Part of the REST/JSON philosophy is that interfaces should be as simple and
developer-friendly as possible. XML was rejected by developers, in part,
because of the self-describing nature of the structure, which required extra
syntax that was often not useful in practice. Trying to re-impose that
structure using extra JSON syntax conventions is just asking developers to have
an allergic reaction to our specs upon encountering them. The syntactic
complexity and *surprise factor* isn't worth the limited semantic benefits of
using "_links".
Since you bring up privacy policy and terms of service, I'll note that the
OAuth Dynamic Registration spec already has these fields to address those:
policy_url
tos_url
Those have been working fine for OpenID Connect too. There's no need to
likewise convolve them to add the extra syntax that you describe below.
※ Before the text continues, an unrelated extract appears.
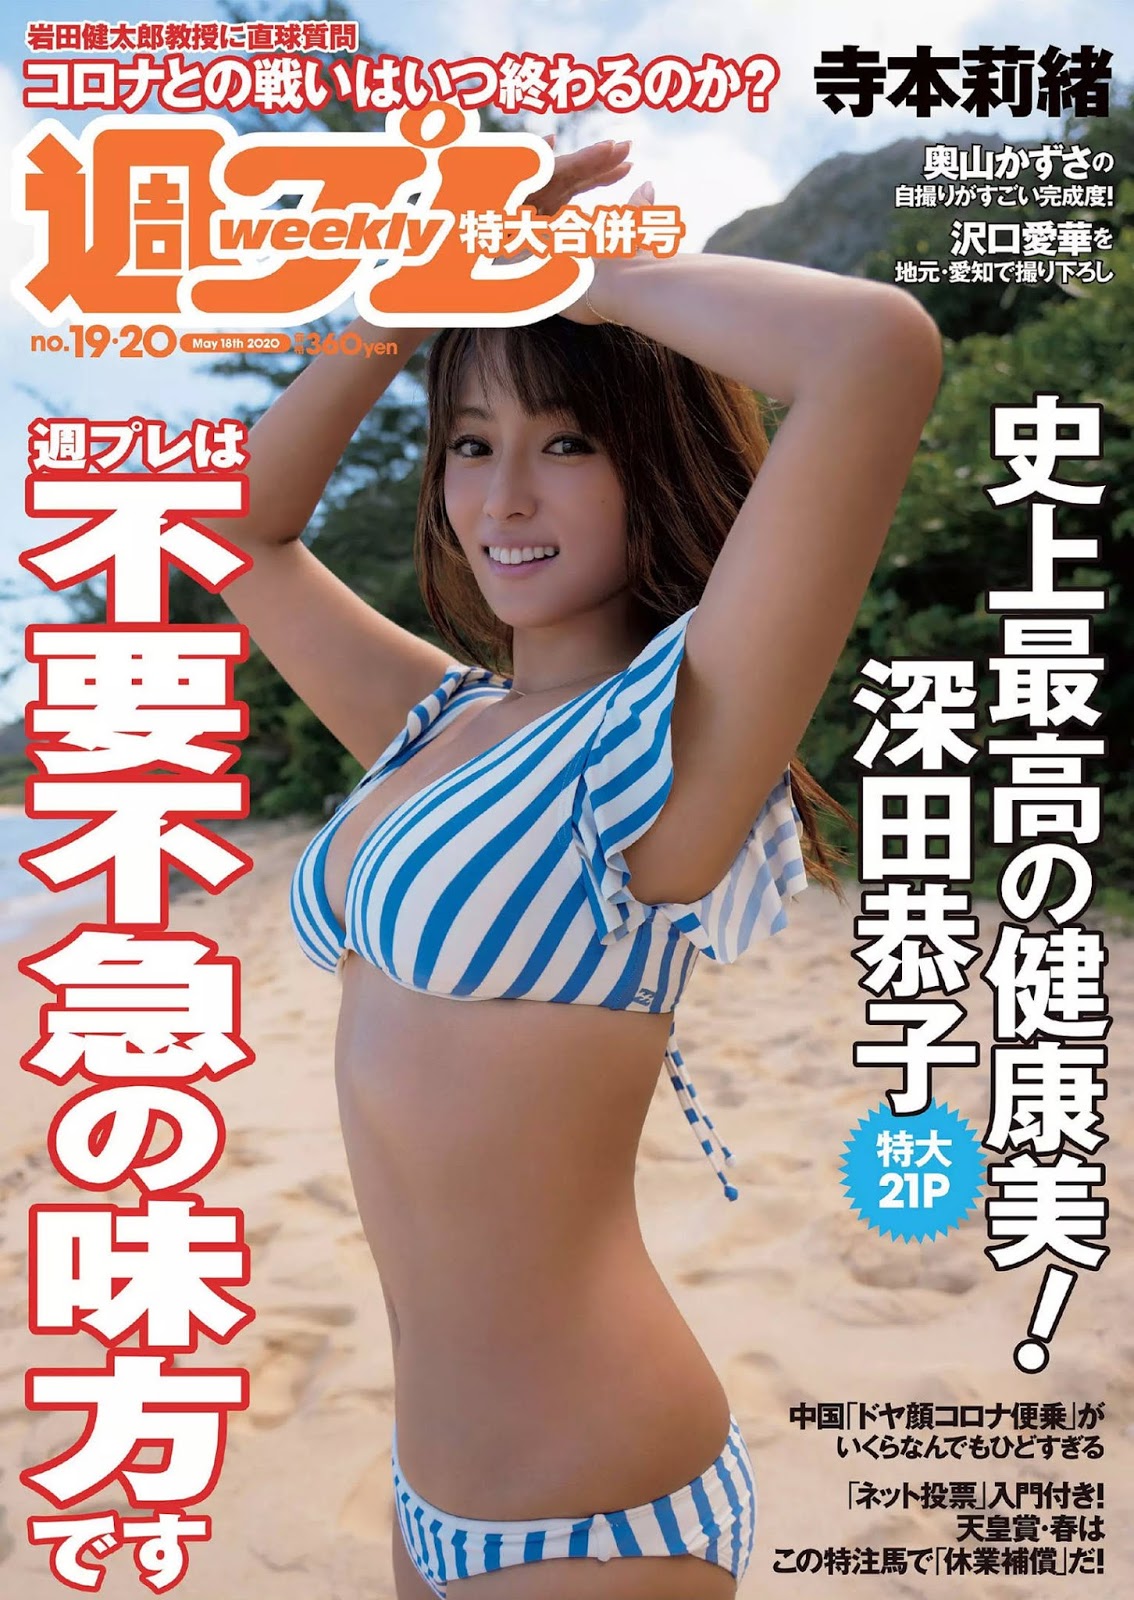 Kyoko Fukada 深田恭子, Weekly Playboy 2020 No.19-20 (週刊プレイボーイ 2020年19-20号)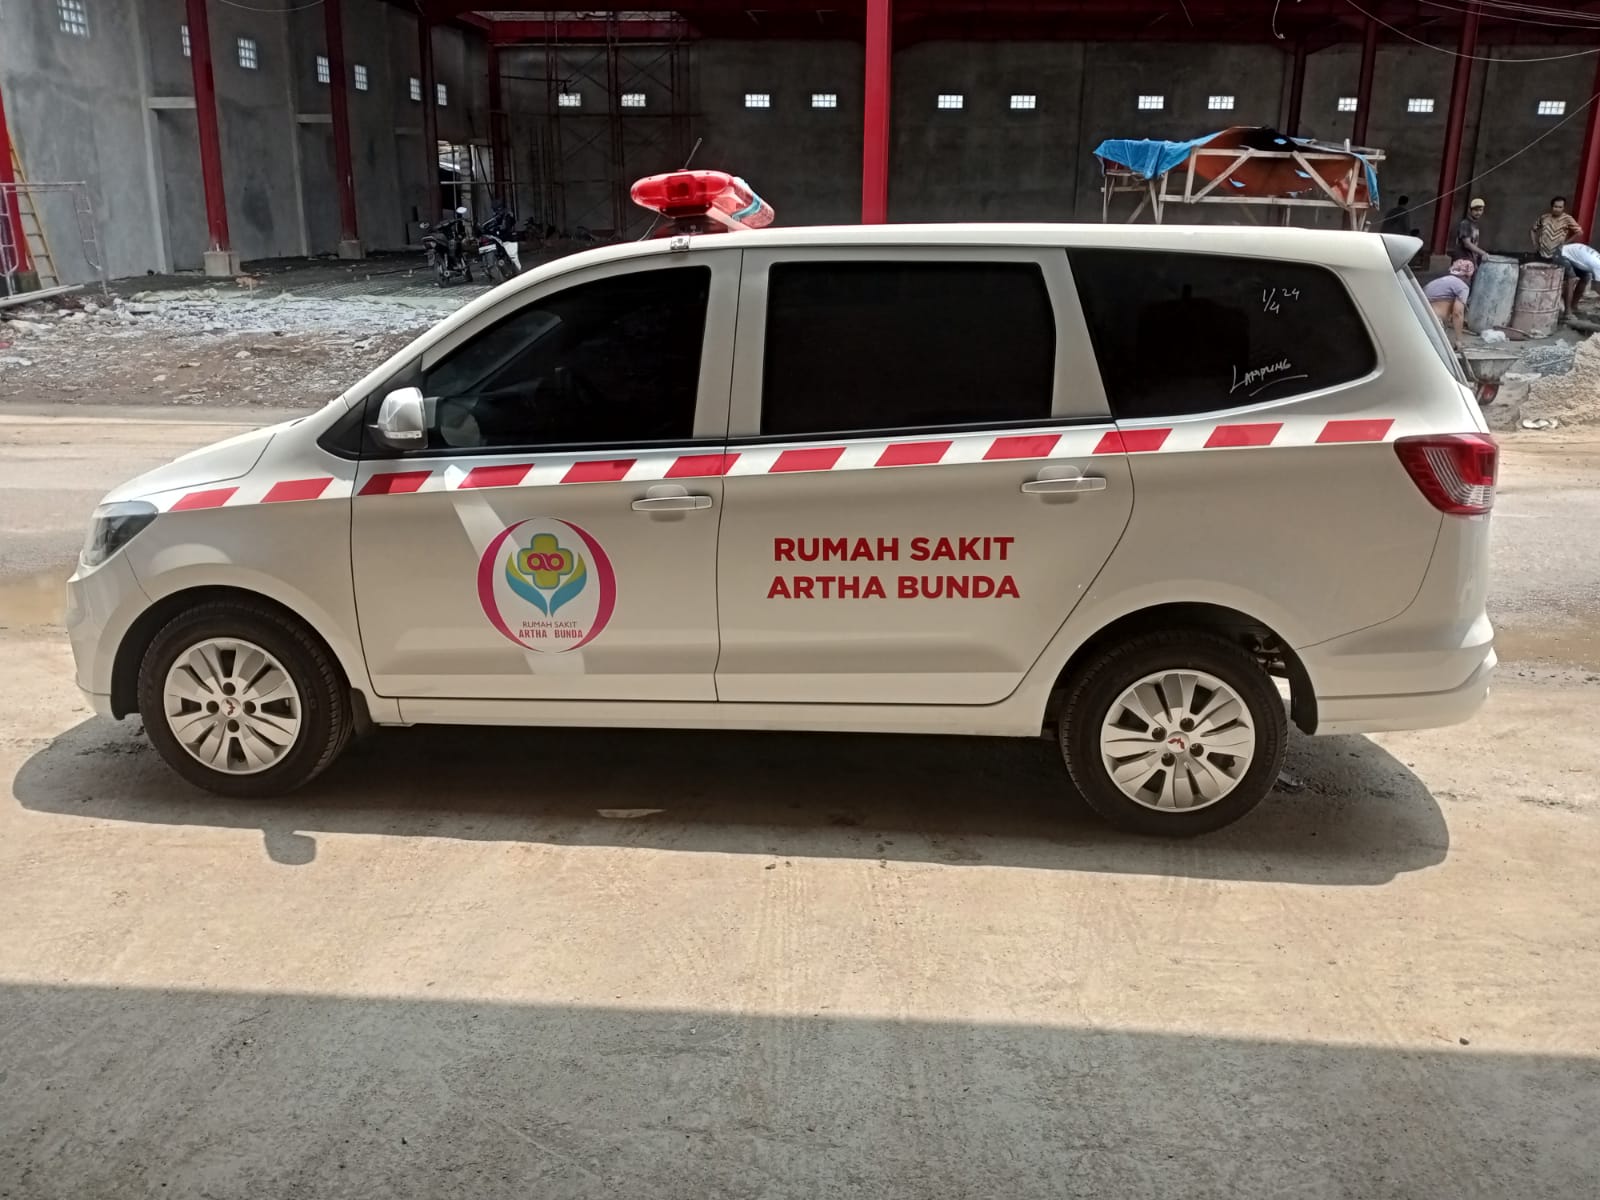 Harga Karoseri Modifikasi Ambulance Berkualitas Surabaya

(BTW, in a private thread, John Bradley pointed out that what the two of you
talked about in person was actually the possibility of adding privacy policy
and terms of service declarations at *discovery time*, rather than registration
time. That's a different topic, which we should discuss separately, if you
want to pursue that.)
Best wishes,
-- Mike
-----Original Message-----
From: oauth-boun...@ietf.org [mailto:oauth-boun...@ietf.org] On Behalf Of Nat
Sakimura
Sent: Tuesday, February 12, 2013 9:11 AM
To: Justin Richer; oauth@ietf.org
Subject: Re: [OAUTH-WG] Registration: HAL _links structure and client self-URL
Actually, if it is to return it in the HTTP header, then it should also use the
RFC5988 Web Linking format.
Now, that is nice to have, but for many JSON programmers, I agree that it would
be a hassle to obtain the header and store them in addition to the JSON. So, it
is nicer to have it in JSON body.
Re: Is "_links.self.href" grossly complex over "registration_access_url"?
I do not think so. Accessing a flat top level parameter such as
registration_access_url and _links.self.href does not make any difference from
a client programmers point of view. That's a beauty of JSON. Both can be
treated as a parameter name. Doing a group operation on the links makes
difference though: the structured one is easier since you can just operate on
_links while in case of the top level parameters, you have to have an explicit
list of them and do the matches. (See below for the necessity for the grouping).
I and John discussed this for at least half an hour F2F last week, both
technically and from operation/legal point of view, for OpenID Connect
Registration.
Similar points could be made to OAuth dyn reg.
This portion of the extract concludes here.